DR RADICA MAHASE
LAST week there was a case where Rihanna Reed, an 11-year-old girl who was diagnosed with autism fell from her apartment building and was hospitalised. It was revealed that Rihanna along with her 13-year-old brother, who was also diagnosed with autism, were not enrolled in any educational institution. Anthony Garcia, Minister of Education expressed surprised that Rihanna was not attending a school and later stated that the ministry is developing a plan to have teachers trained properly to deal with special-needs children.
Garcia noted, “We are going to pay special emphasis to the children who experience a wide range of disabilities. Apart from the delivery of quality education, one of the pillars we are building the education system this year is on access.”
Many special needs parents were outraged by the minister’s surprise that the child was not attending school and were very sceptical that the situation would change in anyway. This reaction by parents is expected given that Rihanna and her brother are just two out of many special needs children in our country who are not accessing any educational opportunities.
Of the registered members of Support Autism T&T (those with autism from ages three to 21 years), 61 per cent of all those with autism are currently not attending any kind of formal educational institution. The survey, The Multi-Disciplinary Needs Of Children With Autism Spectrum Disorder (ASD): A Parents'/Caregivers' Perspective Within Trinidad And Tobago, notes that of children with ASD attending SWRHA clinics, 41.6 per cent are enrolled in a private school, 16.6 per cent in a public school, 8.3 per cent are home schooled and 31.6 per cent have no schooling. It also notes that only seven per cent had the support of a teacher’s aide at school.
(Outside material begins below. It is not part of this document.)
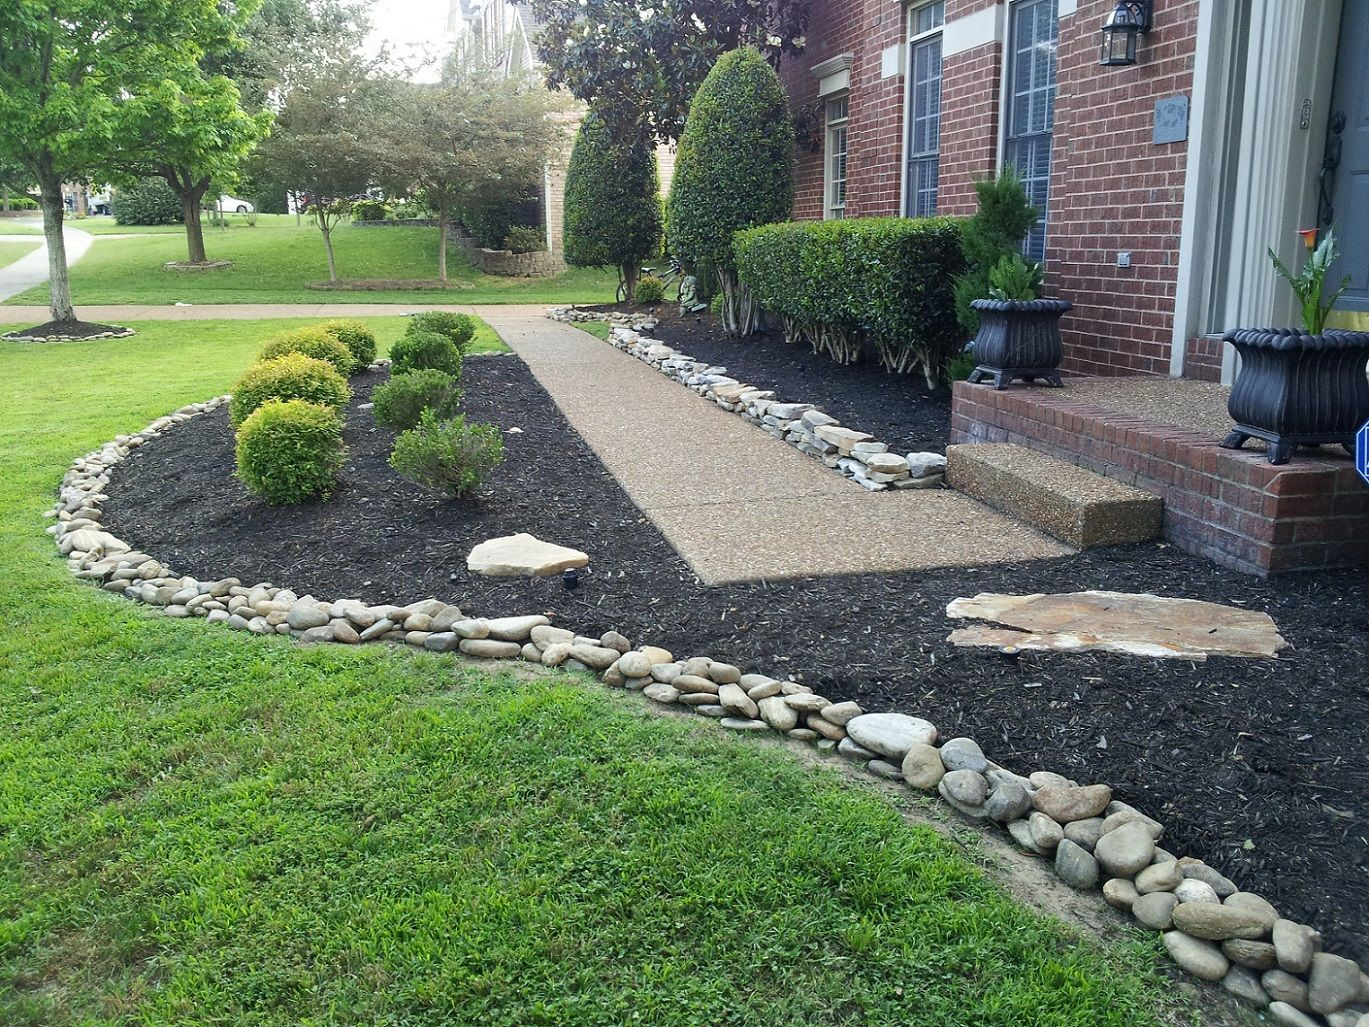 Jolly Decorative Rock Garden Ideas Decorative Pinterest Small Rock Garden Ideas Rock Garden Ideas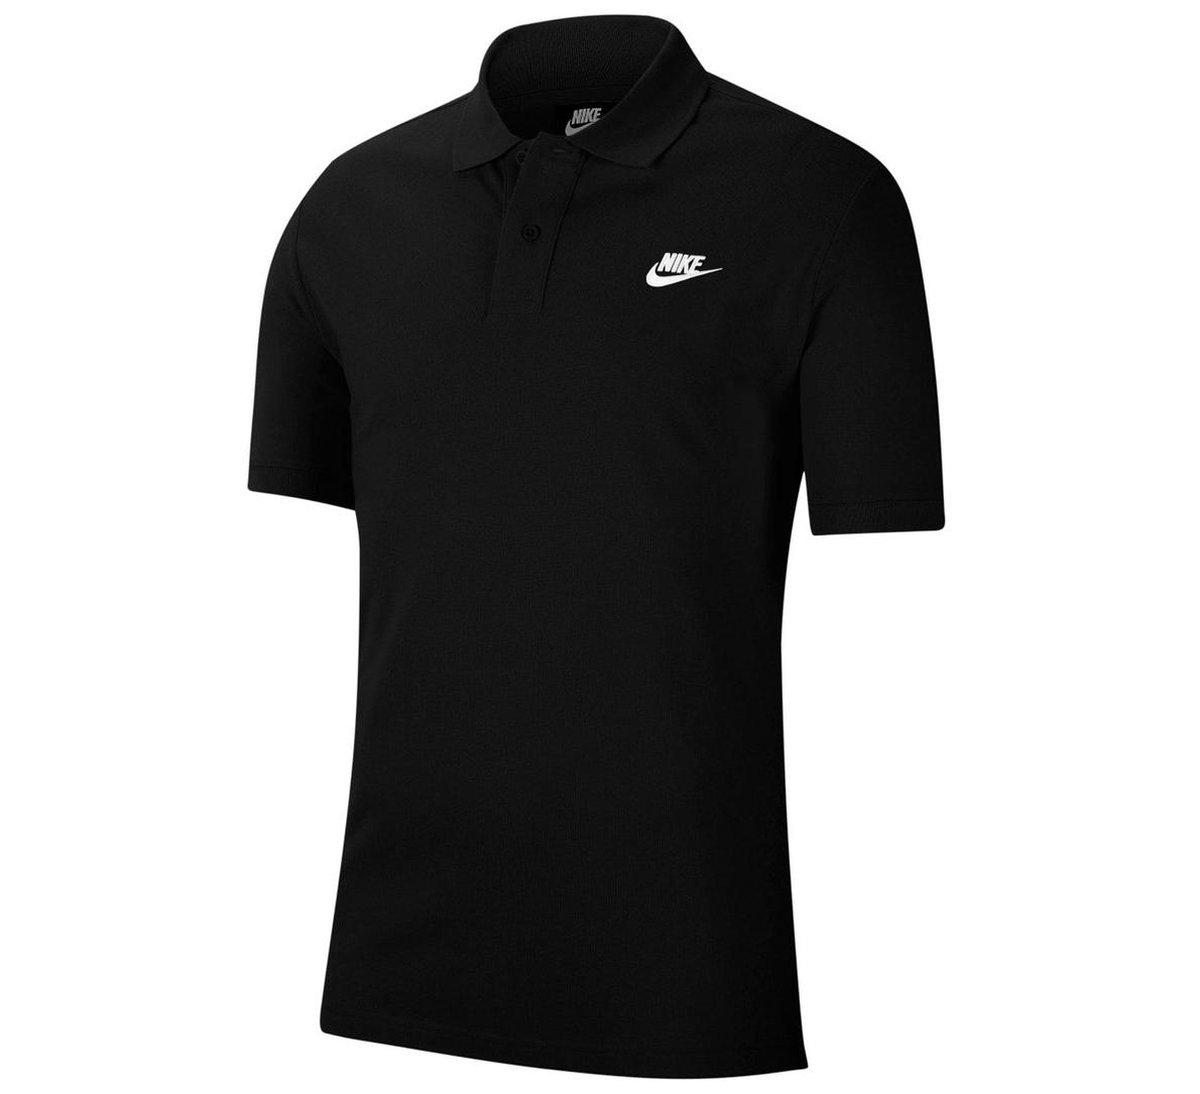 Nike Sportswear Ce Polo Matchup Pique Poloshirt Heren - Maat XL

Parents/caregivers know the struggles that they experience trying to access educational opportunities for their children. But surely the system can be improved, changed, fixed? The first step towards doing this is to conduct a comprehensive survey of the educational opportunities for those with special needs that are available presently in our country. This would mean a thorough investigation into all existing government/government assisted special schools, infrastructure, teachers’ training and qualifications, number of students enrolled, number of students not enrolled, and so on. One we know what is present and where the shortcomings are we can address these specific issues and make improvements.
A comprehensive analysis of existing educational opportunities would entail meetings with stakeholders – not national consultations where, by the time individuals scheduled to speak have finished speaking, there is only 30 minutes or so to hear from others. There is a need for more focused round table discussions, interactions with parents/caregivers, educators, advocates and anyone else who are involved in the general field of special education. This is crucial in order to hear all sides of the story so that when the system is restructured, these changes will reflect the needs of all stakeholders.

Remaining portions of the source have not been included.